Segment Start: DATA PROVIDED

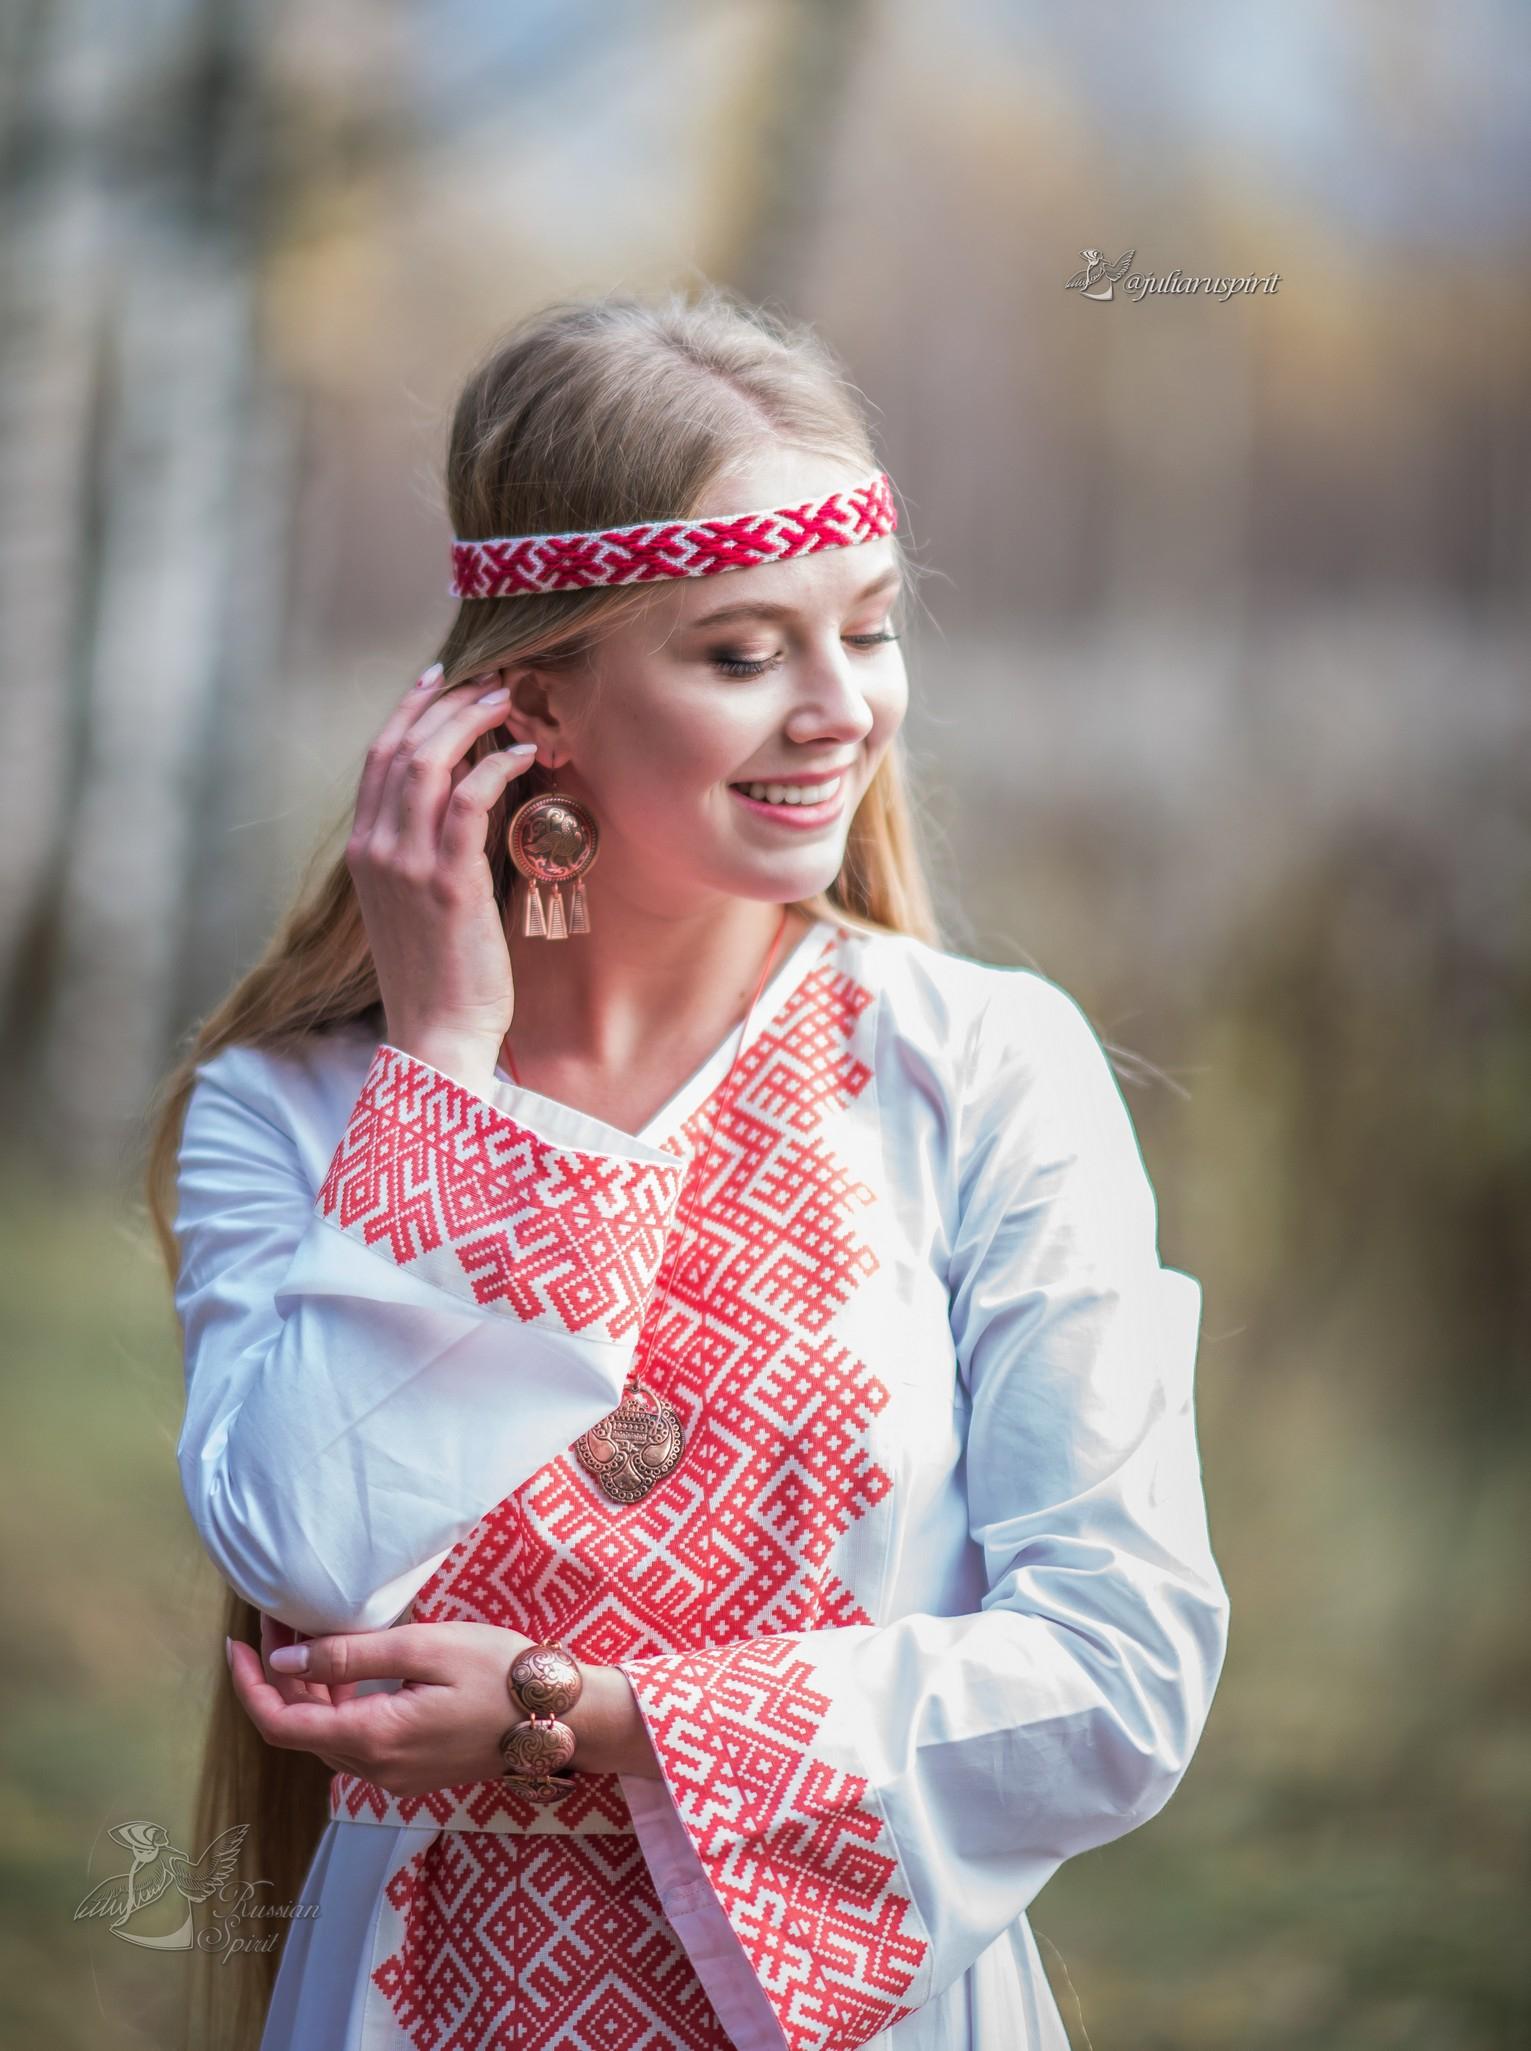 девушка в платье со славянским орнаментом
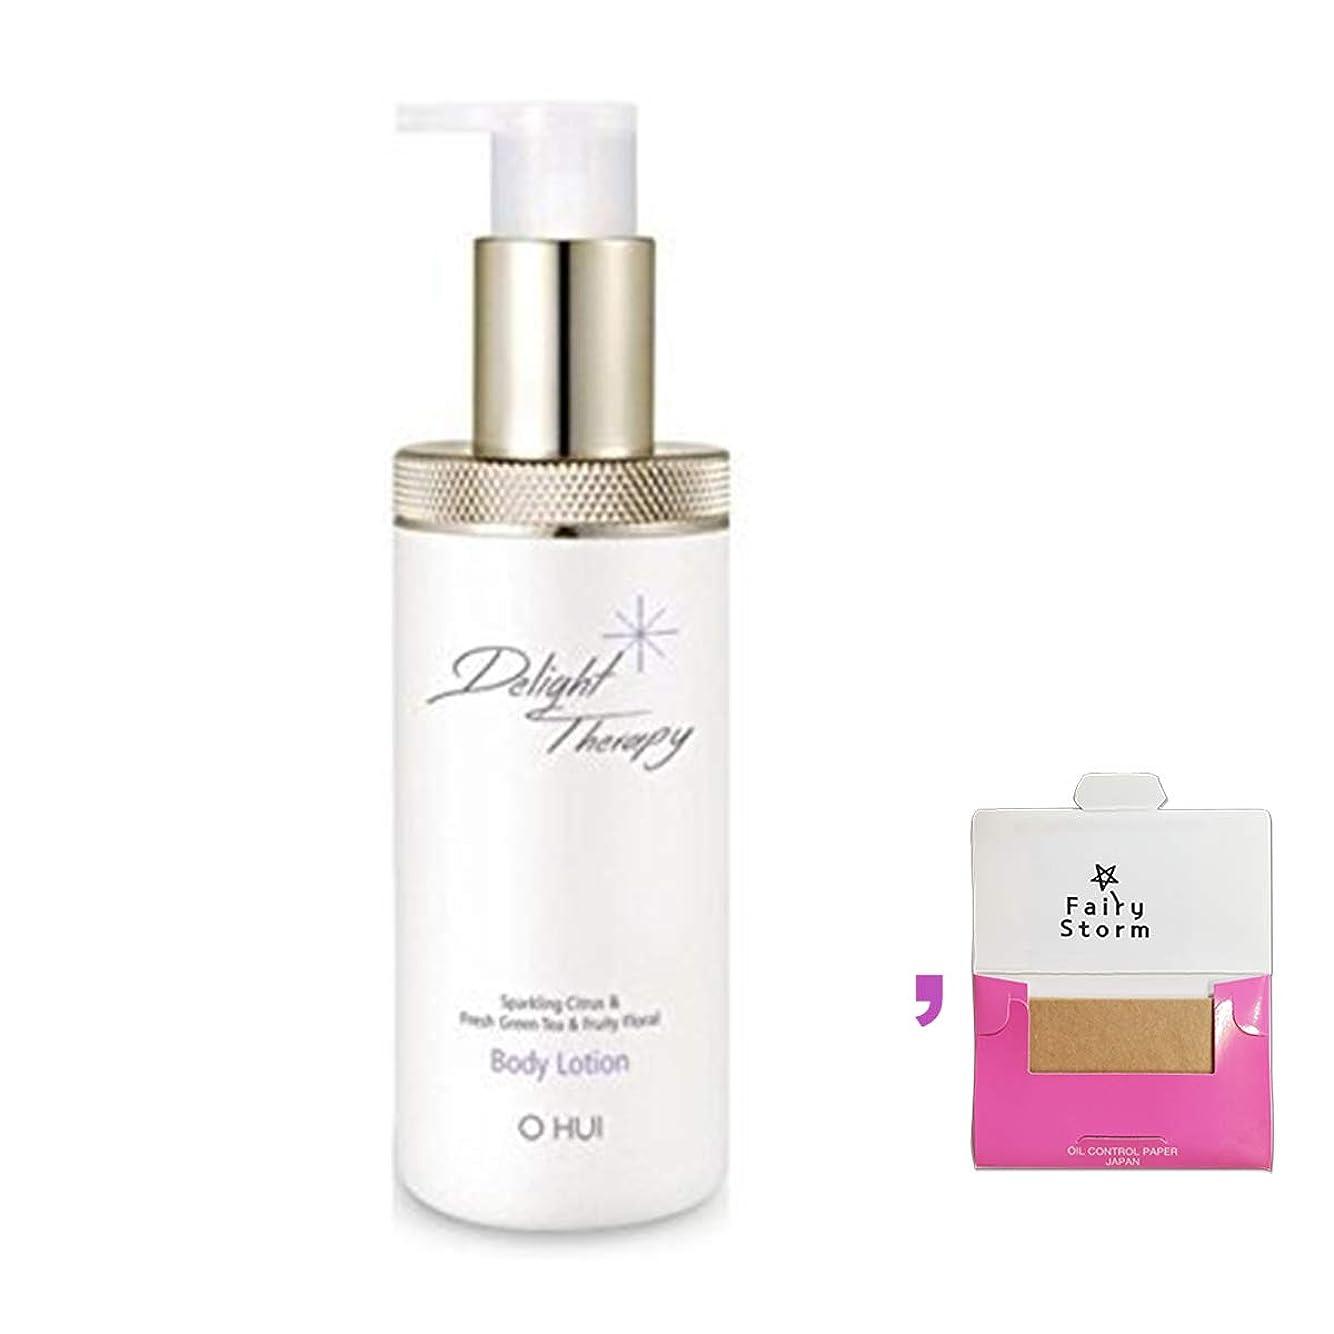 引く小道民主主義[オフィ/ O HUI]韓国化粧品 LG生活健康/Ohui Delight Therapy Body Lotion 300ml - 海藻成分が含有されてしっとりとしたボディを完成してくれるリラックスボディローション+[Sample Gift](海外直送品)
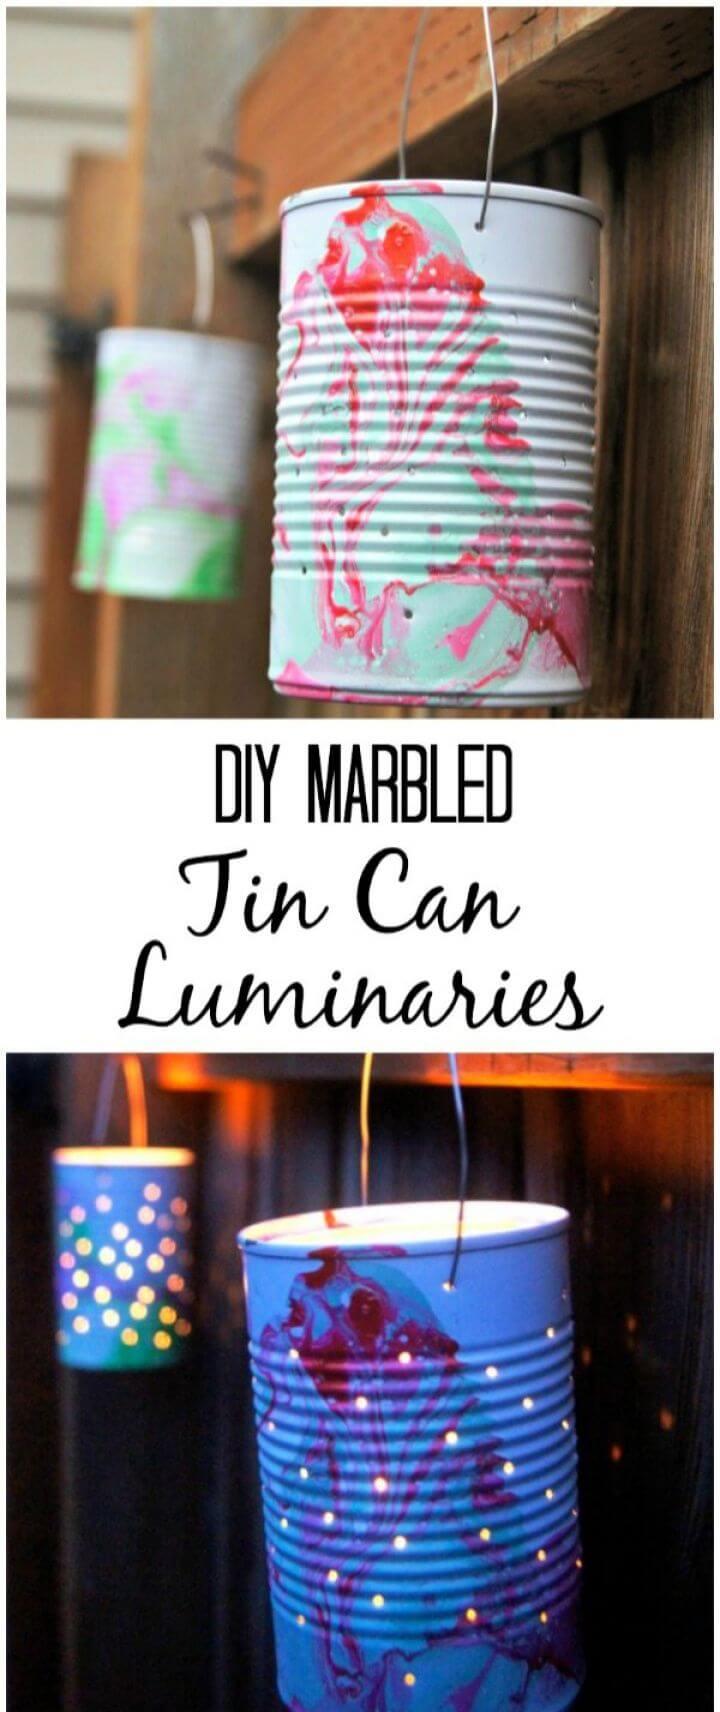 Cute DIY Marbled Tin Can Luminaries

Segment End: DATA PROVIDED

■ **TASK REQUIREMENTS**:
All that's required is the material above repeated exactly, minus any picture.

■ **SOLUTION TO THE PROBLEM**:
 девушка в платье со славянским орнаментом
 引く小道民主主義[オフィ/ O HUI]韓国化粧品 LG生活健康/Ohui Delight Therapy Body Lotion 300ml - 海藻成分が含有されてしっとりとしたボディを完成してくれるリラックスボディローション+[Sample Gift](海外直送品)
 Cute DIY Marbled Tin Can Luminaries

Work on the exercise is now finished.